Kubernetes deployment
Deploy TAG as a StatefulSet with an embedded distributed cache cluster. For running locally, see the Docker deployment. For all configuration options, see the Configuration Reference.
Prerequisites
- A running Kubernetes cluster
kubectlconfigured to access the cluster- Tigris access key and secret key with read access to all buckets that will be accessed through TAG
- Clone the tag-deploy repository:
git clone https://github.com/tigrisdata/tag-deploy.git
cd tag-deploy
Deploy
1. Create a namespace
kubectl create namespace tag
2. Create the credentials secret
kubectl create secret generic tag-credentials \
--namespace tag \
--from-literal=AWS_ACCESS_KEY_ID=your_access_key \
--from-literal=AWS_SECRET_ACCESS_KEY=your_secret_key
3. Apply the manifests
kubectl apply -k kubernetes/base/ -n tag
This deploys a 3-replica StatefulSet with:
- Embedded cache on each pod (400 GiB PVC per pod)
- Gossip-based cluster discovery via a headless service
- A LoadBalancer service for external access on port 8080
- Horizontal Pod Autoscaler (3–10 replicas)
4. Verify the deployment
# Check pod status
kubectl get pods -n tag
# Check health
kubectl exec -n tag tag-0 -- curl -s http://localhost:8080/health
Kubernetes manifests
The kubernetes/base/ directory uses Kustomize:
| File | Description |
|---|---|
kustomization.yaml | Kustomize configuration with image tag |
statefulset.yaml | TAG StatefulSet (3 replicas, embedded cache) |
service.yaml | LoadBalancer Service for external access |
service-headless.yaml | Headless Service for cluster discovery |
hpa.yaml | Horizontal Pod Autoscaler |
To customize the image version or other settings, create an overlay:
# kubernetes/overlays/production/kustomization.yaml
apiVersion: kustomize.config.k8s.io/v1beta1
kind: Kustomization
resources:
- ../../base
images:
- name: tigrisdata/tag
newTag: v1.8.0
Production considerations
High availability
- The StatefulSet deploys 3 replicas by default with pod anti-affinity to distribute across nodes.
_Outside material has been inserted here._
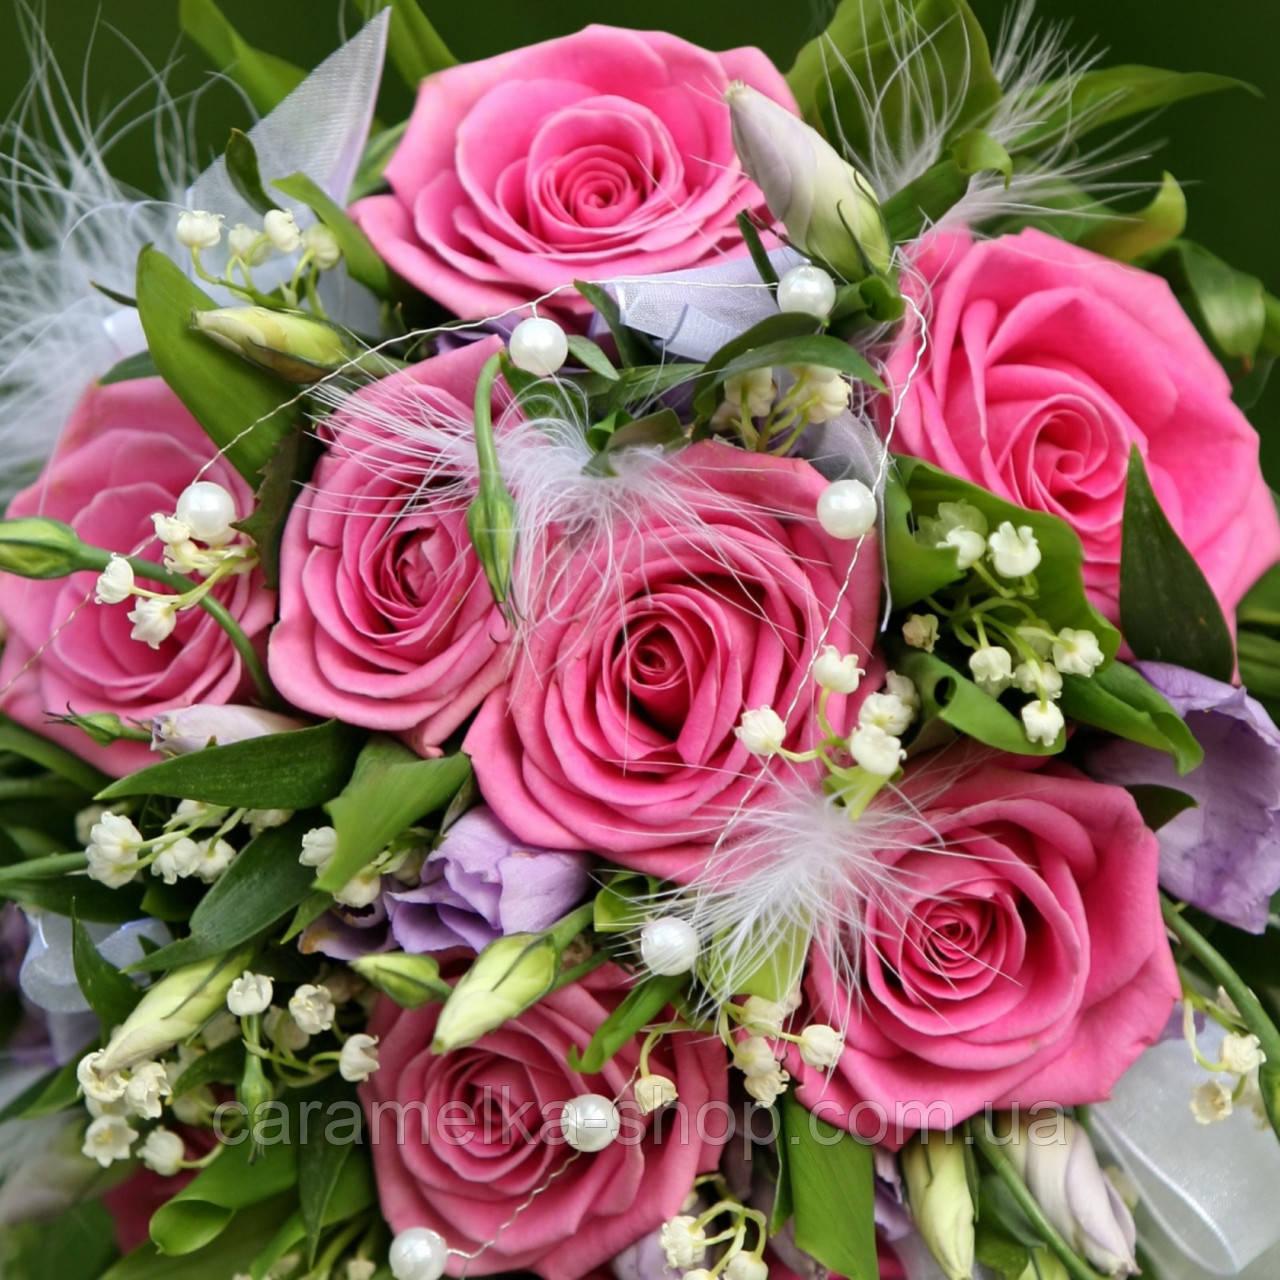 Сахарная картинка цветы, для торта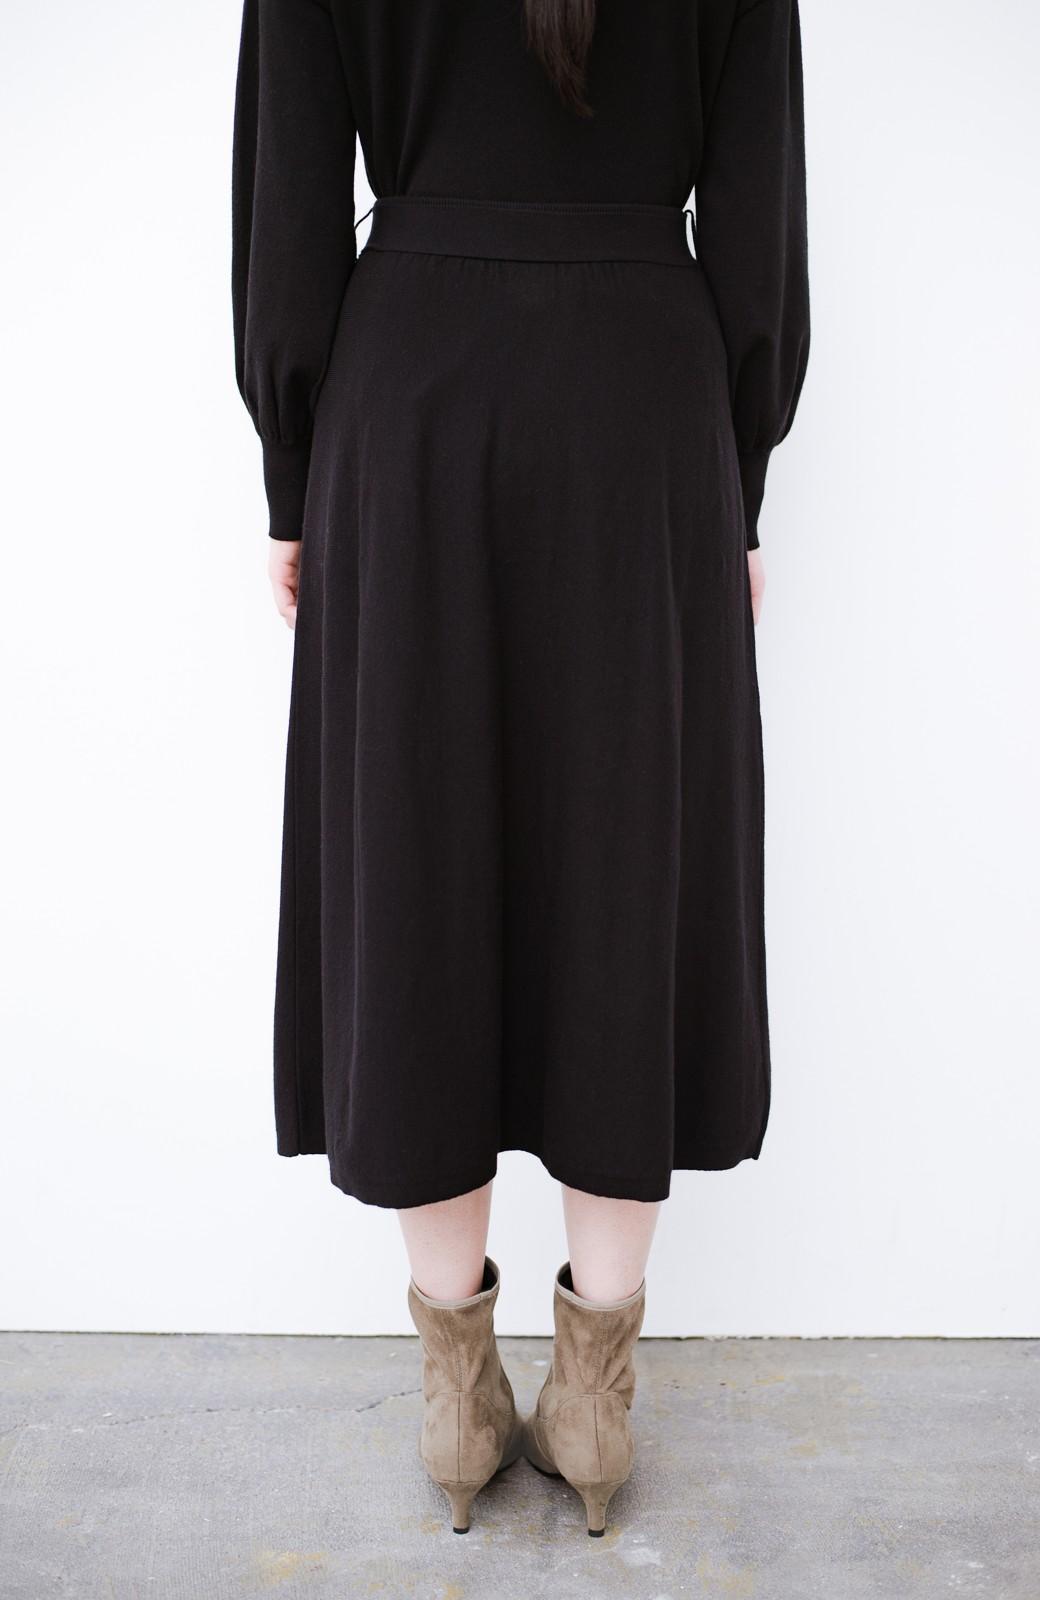 haco! デニムにもスカートにも似合う!すぽっと履けてスタイルアップが叶う女っぽフェイクスエードブーツ <ブラウン>の商品写真4

- Each TAG pod has its own local cache, so losing a pod only affects cache hit ratio temporarily.
- Health checks (readiness and liveness probes) ensure automatic recovery.
Scaling
Horizontal: The HPA scales from 3 to 10 replicas based on CPU (70%) and memory (80%) utilization. New nodes join the cache cluster automatically. Scaling down may temporarily reduce cache hit ratio.
Vertical: Adjust resource requests/limits in the StatefulSet. The default is
2–4 CPUs and 4–8 GiB memory per pod. SSD storage is recommended for cache
performance. If you change the PVC volume size, also update
TAG_CACHE_MAX_DISK_USAGE in the StatefulSet to match (value is in bytes).
Health checks
TAG exposes a health endpoint:
GET /health
Returns 200 OK when healthy. The StatefulSet configures both readiness and
liveness probes against this endpoint.
Monitoring
TAG exposes Prometheus metrics at /metrics. The StatefulSet includes
Prometheus annotations for automatic scraping. See the
Metrics Reference for details.
Key metrics to monitor:
tag_requests_total{status="error"}— error ratetag_cache_hits_total / (tag_cache_hits_total + tag_cache_misses_total)— cache hit ratiotag_upstream_request_duration_seconds— upstream latency
Troubleshooting
For troubleshooting cache misses, authentication failures, cluster issues, and debug mode (including Kubernetes-specific commands), see Troubleshooting in the Deployment Guide.